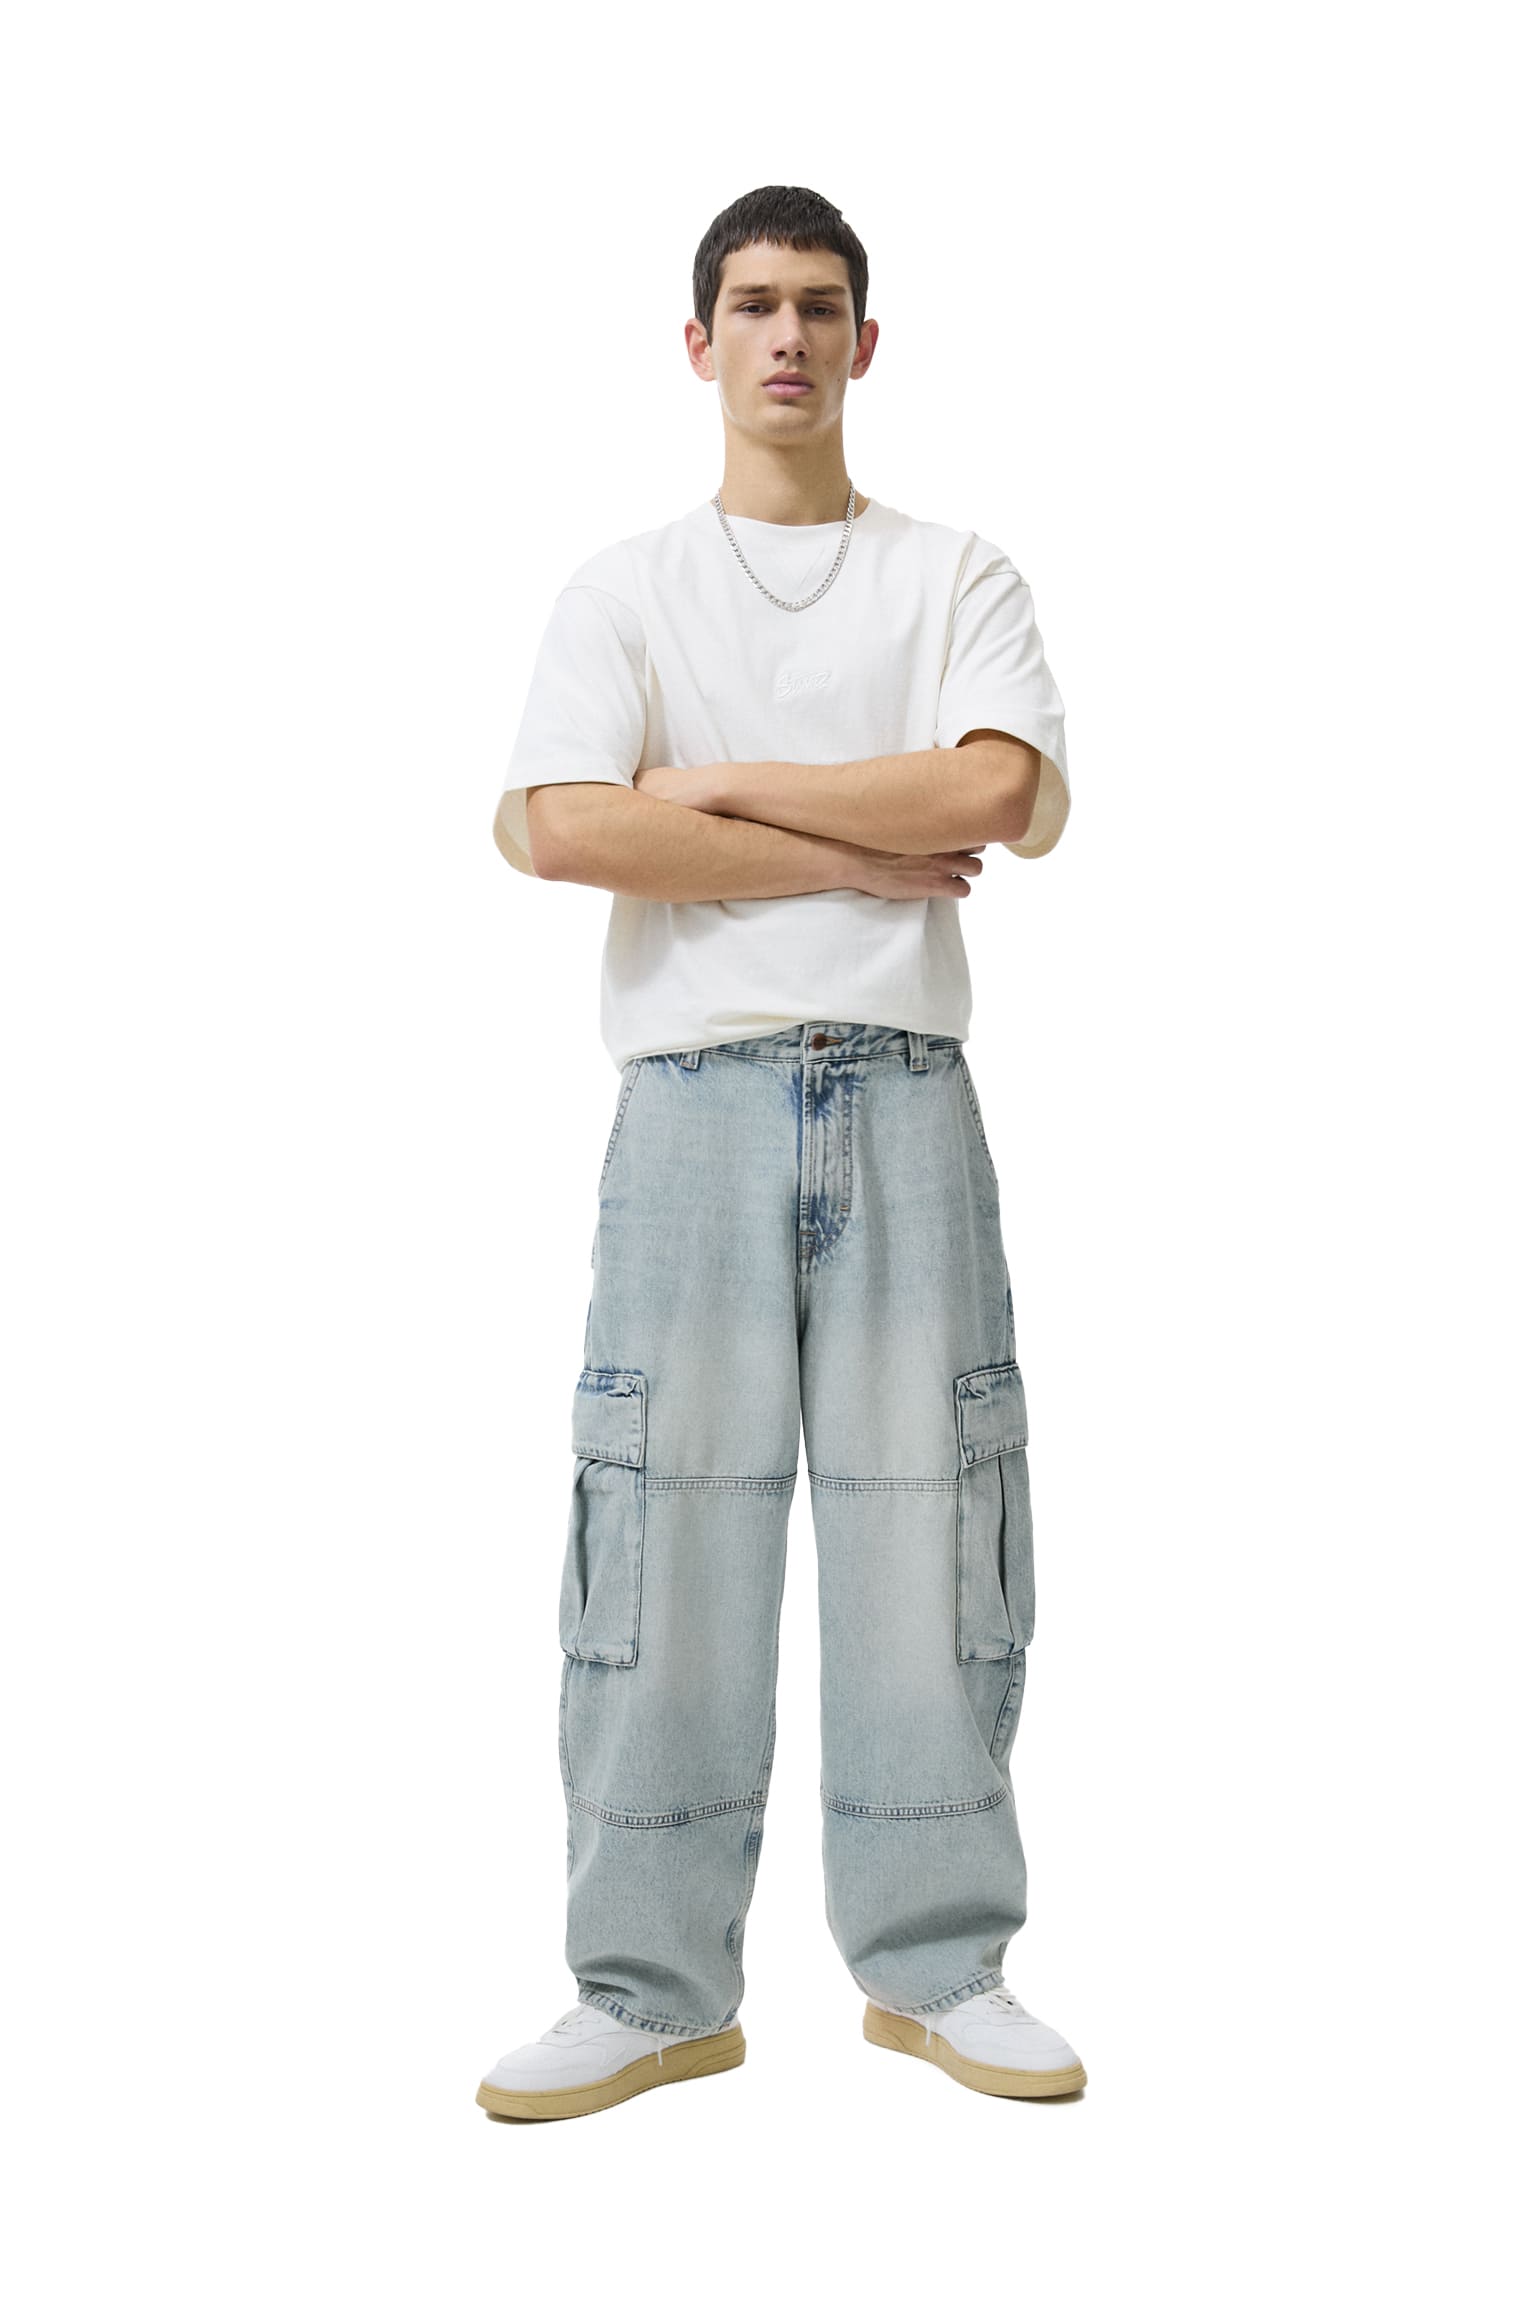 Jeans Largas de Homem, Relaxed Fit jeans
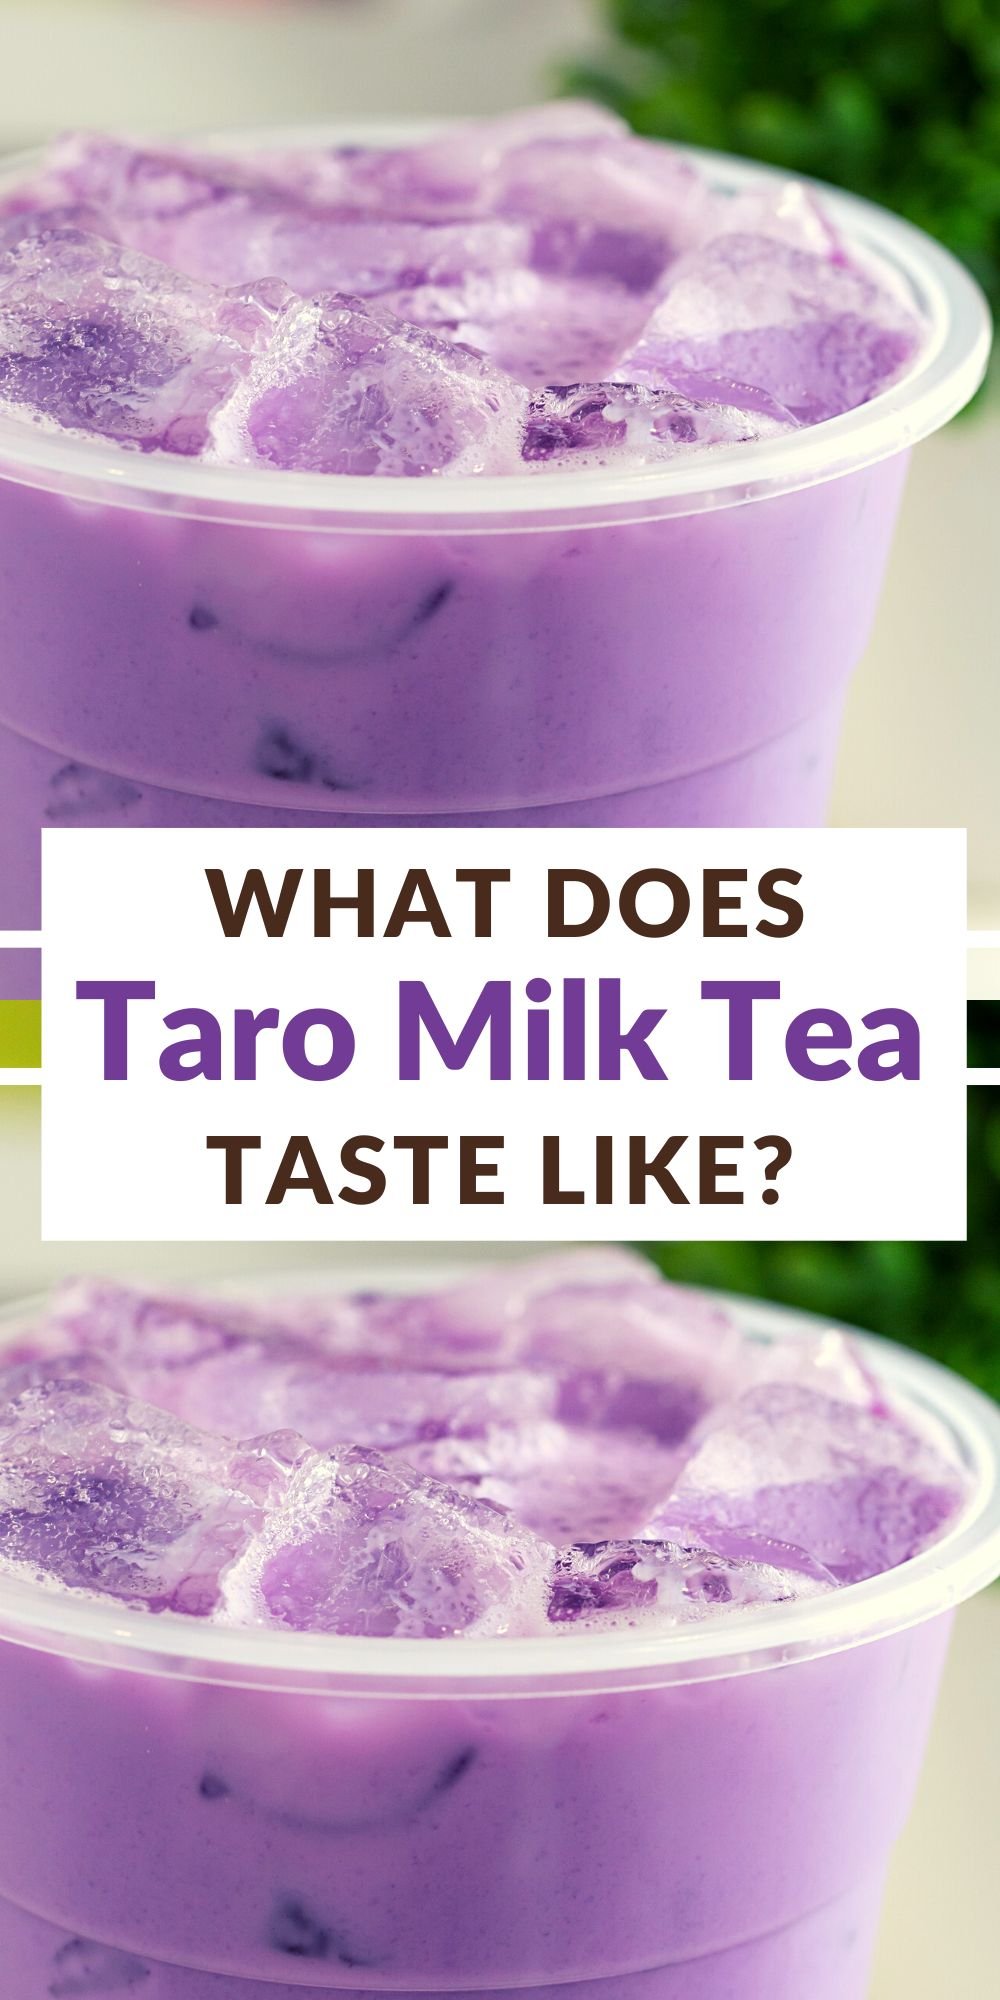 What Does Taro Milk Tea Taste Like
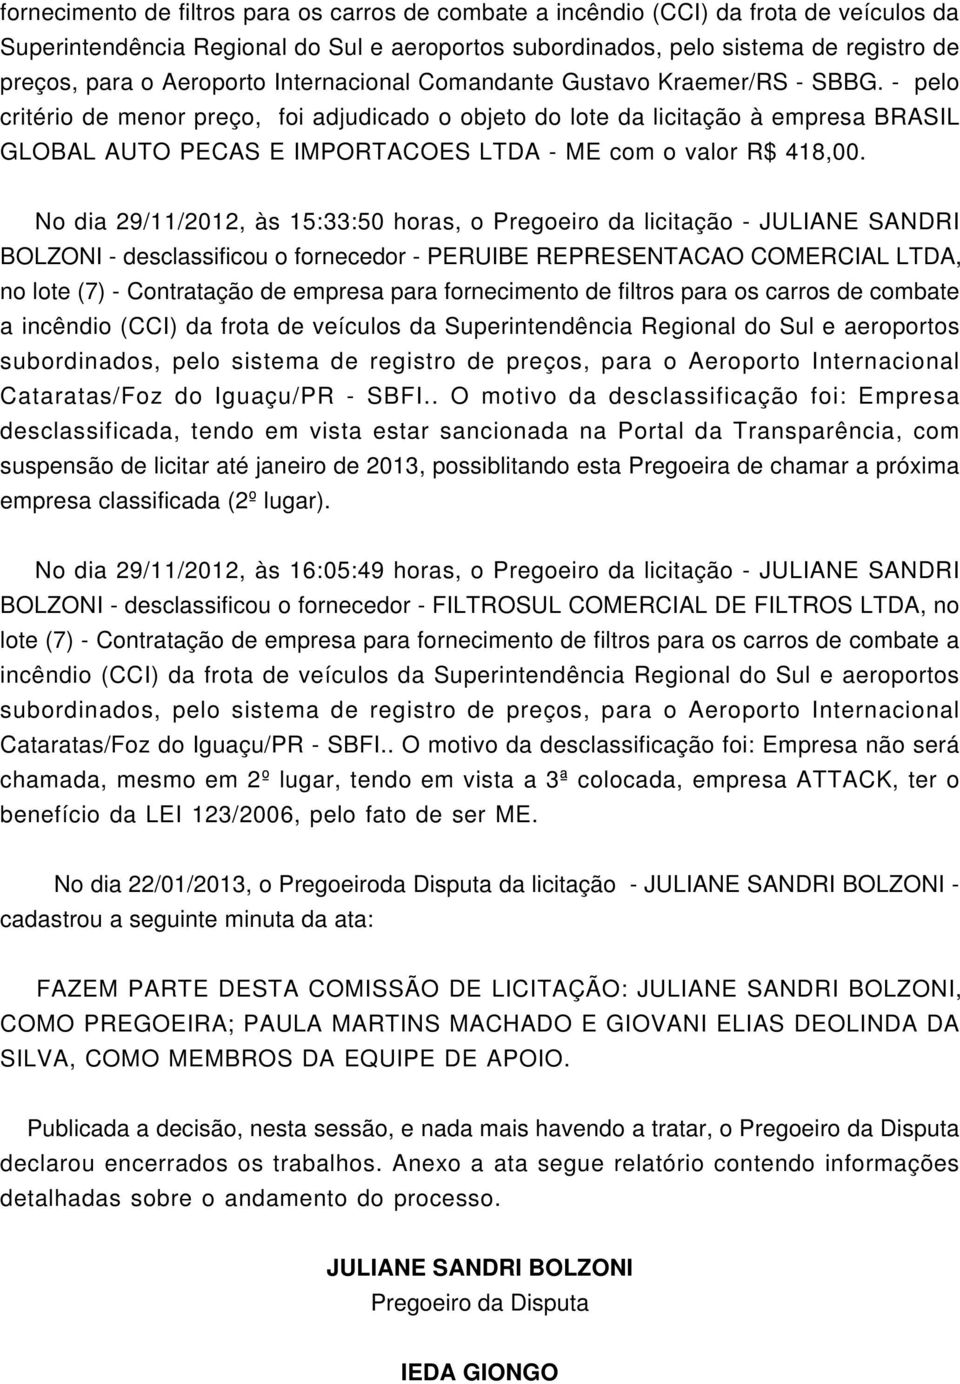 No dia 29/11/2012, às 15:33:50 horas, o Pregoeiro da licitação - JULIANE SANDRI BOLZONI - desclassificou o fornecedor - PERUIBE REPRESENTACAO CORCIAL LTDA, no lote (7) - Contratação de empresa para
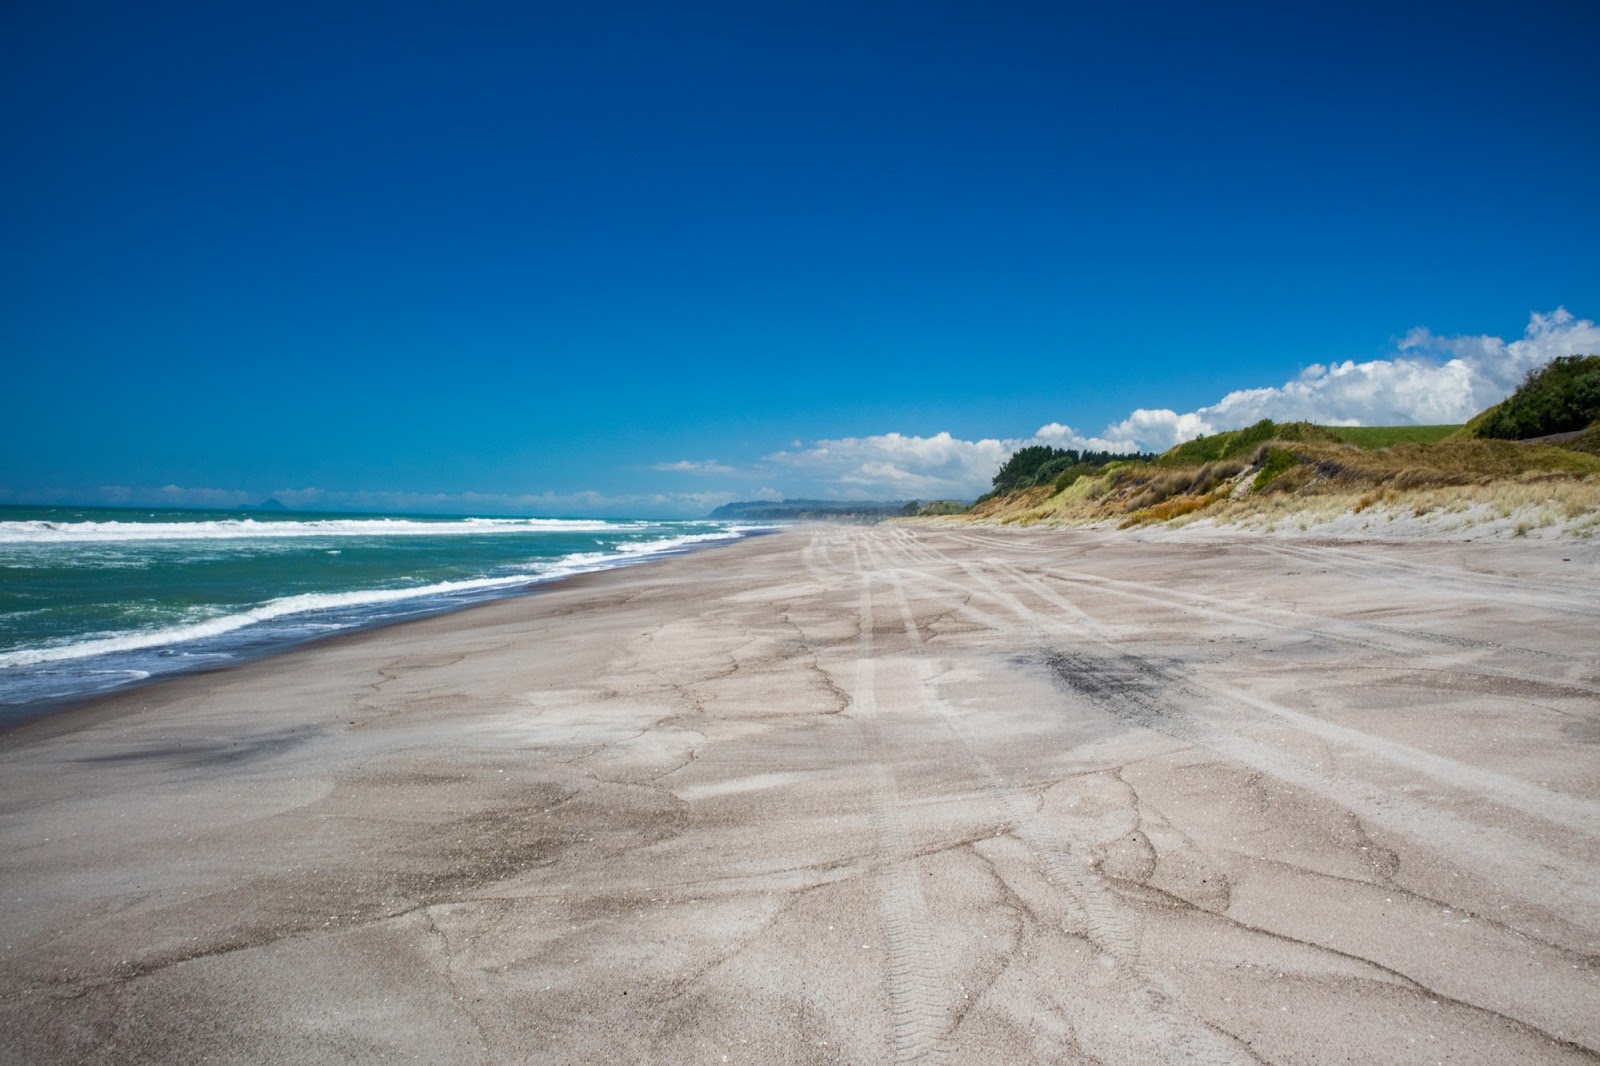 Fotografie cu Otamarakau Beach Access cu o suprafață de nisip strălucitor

· · · · · · ·

#### [WORK REQUIRED]
When you reach the line that contains "No dia 29/11/2012, às", start copying the listing word for word and stop only after its last line, without any pictures.

#### [WORKED SOLUTION]
 No dia 29/11/2012, às 15:33:50 horas, o Pregoeiro da licitação - JULIANE SANDRI BOLZONI - desclassificou o fornecedor - PERUIBE REPRESENTACAO CORCIAL LTDA, no lote (7) - Contratação de empresa para
 Fotografie cu Otamarakau Beach Access cu o suprafață de nisip strălucitor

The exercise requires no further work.